If the abbreviations are all prefixes, you can use the .startswith()
string method against either the short or long version of the state.
>>> test_value = "Flor"
>>> test_value.upper().startswith("FL")
True
>>> "Florida".lower().startswith(test_value.lower())
True
However, if you have more complex abbreviations, difflib.get_close_matches
will probably do what you want!
>>> import pandas as pd
>>> import difflib
>>> df = pd.DataFrame({"states": ("Florida", "Texas"), "st": ("FL", "TX")})
>>> df
states st
0 Florida FL
1 Texas TX
>>> difflib.get_close_matches("Flor", df["states"].to_list())
['Florida']
>>> difflib.get_close_matches("x", df["states"].to_list(), cutoff=0.2)
['Texas']
>>> df["st"][df.index[df["states"]=="Texas"]].iloc[0]
'TX'
You will probably want to try/except IndexError
around reading the first member of the returned list from difflib and possibly tweak the cutoff to get less false matches with close states (perhaps offer all the states as possibilities to some user or require more letters for close states).
You may also see the best results combining the two; testing prefixes first before trying the fuzzy match.
Putting it all together
def state_from_partial(test_text, df, col_fullnames, col_shortnames):
if len(test_text) < 2:
raise ValueError("must have at least 2 characters")

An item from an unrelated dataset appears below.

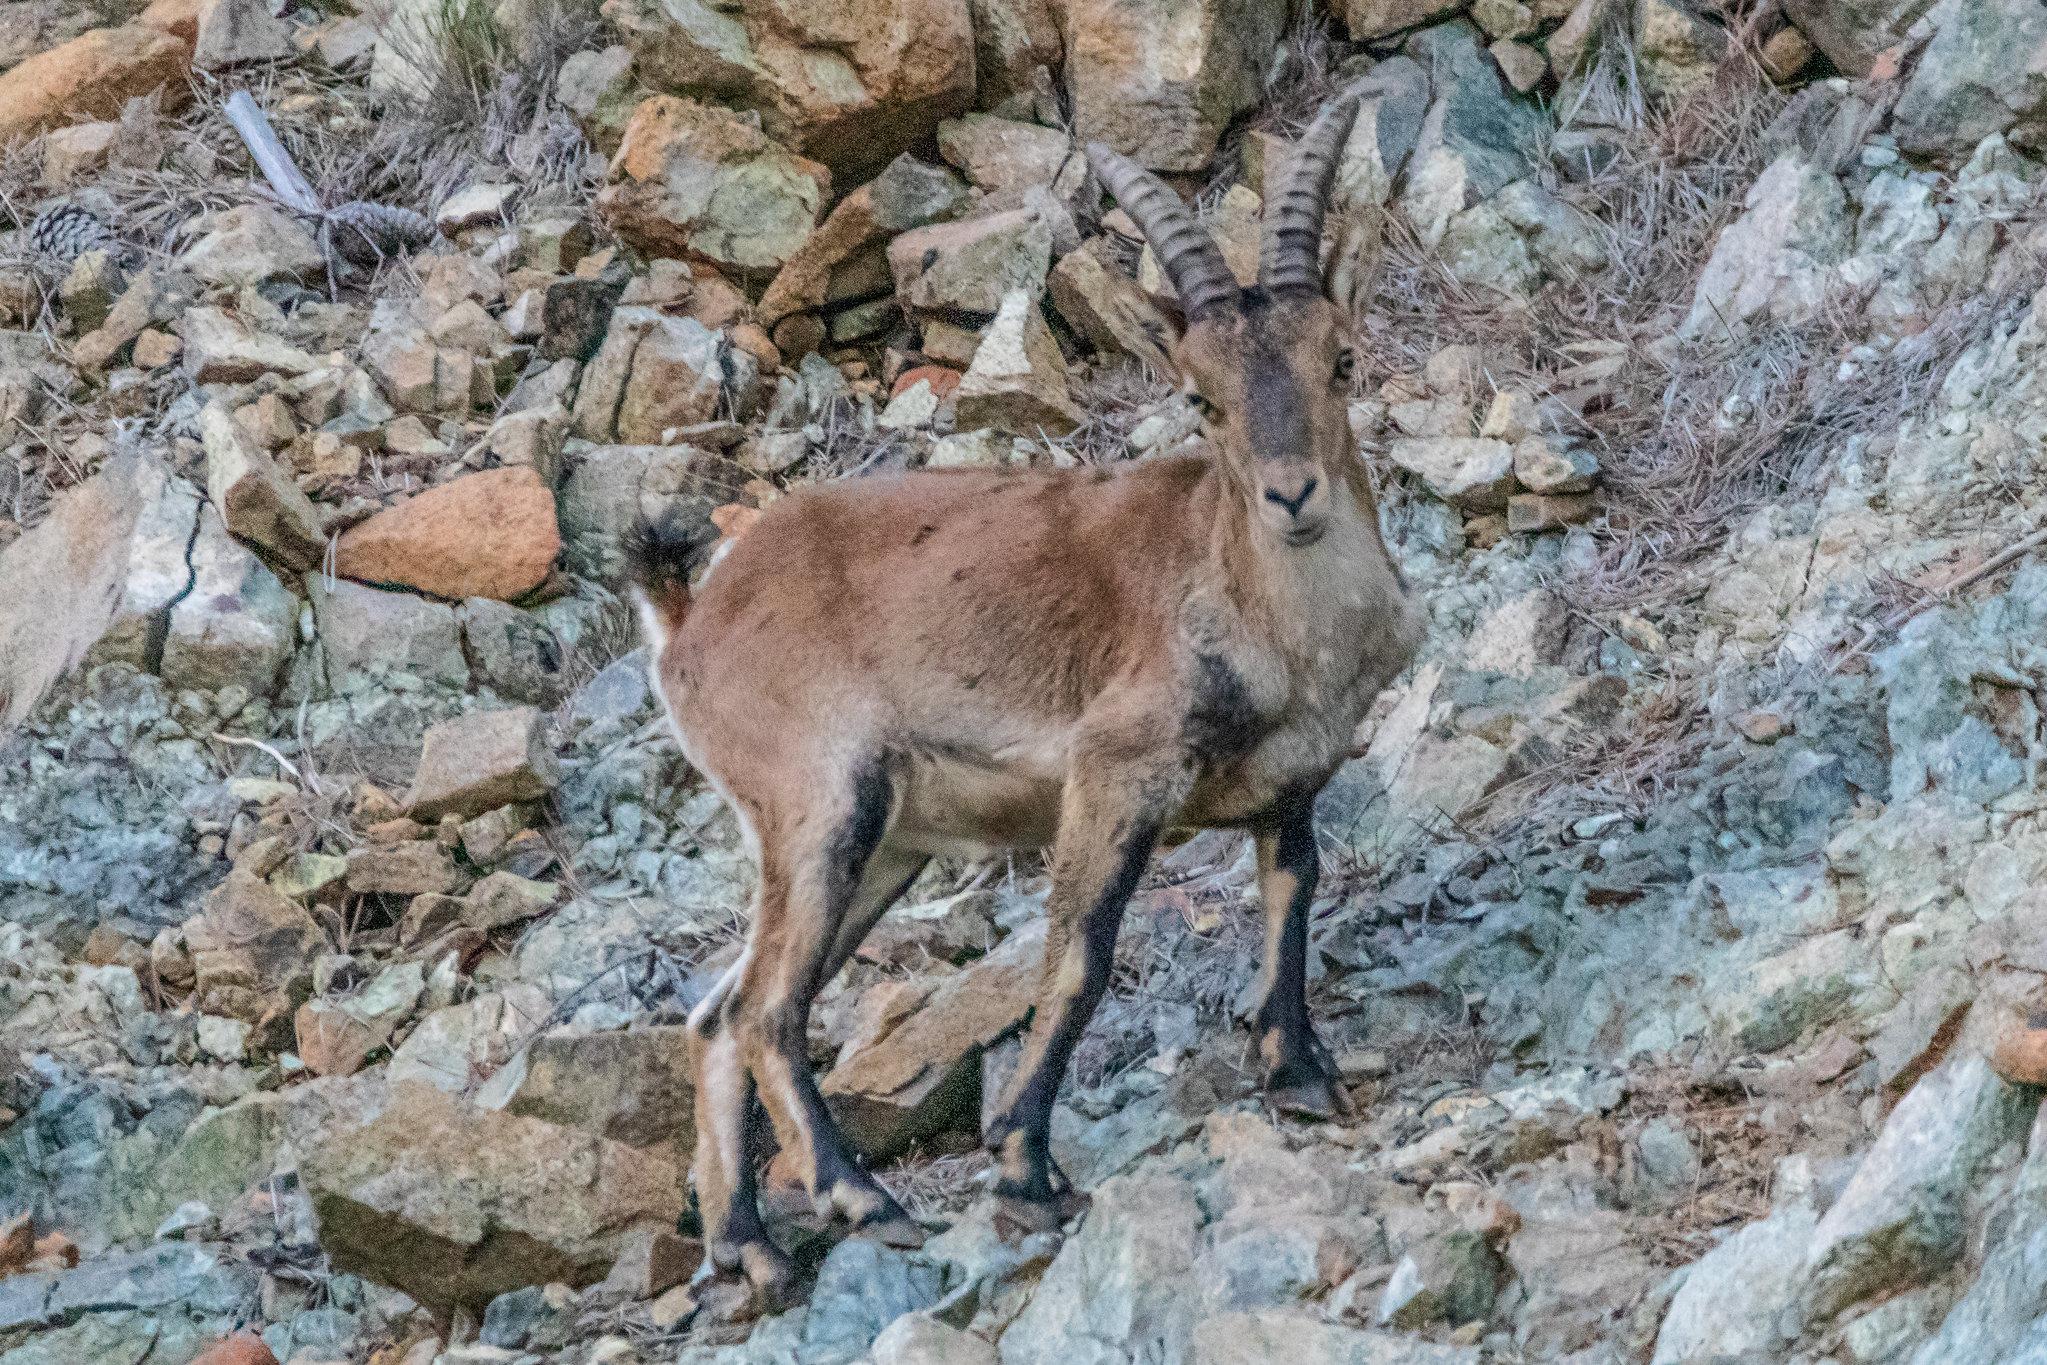 Fotos de animales de todo tipo incluyendo mascotas que más te gustan - Página 12 45735360621_24b7f1b4f8_k

# if there's exactly two characters, try to directly match short name
if len(test_text) == 2 and test_text.upper() in df[col_shortnames]:
return test_text.upper()
states = df[col_fullnames].to_list()
match = None
# this will definitely fail at least for states starting with M or New
#for state in states:
# if state.lower().startswith(test_text.lower())
# match = state
# break # leave loop and prepare to find the prefix
if not match:
try: # see if there's a fuzzy match
match = difflib.get_close_matches(test_text, states)[0] # cutoff=0.6
except IndexError:
pass # consider matching against a list of problematic states with different cutoff
if match:
return df[col_shortnames][df.index[df[col_fullnames]==match]].iloc[0]
raise ValueError("couldn't find a state matching partial: {}".format(test_text))
Beware of states which start with 'New' or 'M' (and probably others), which are all pretty close and will probably want special handling. Testing will do wonders here.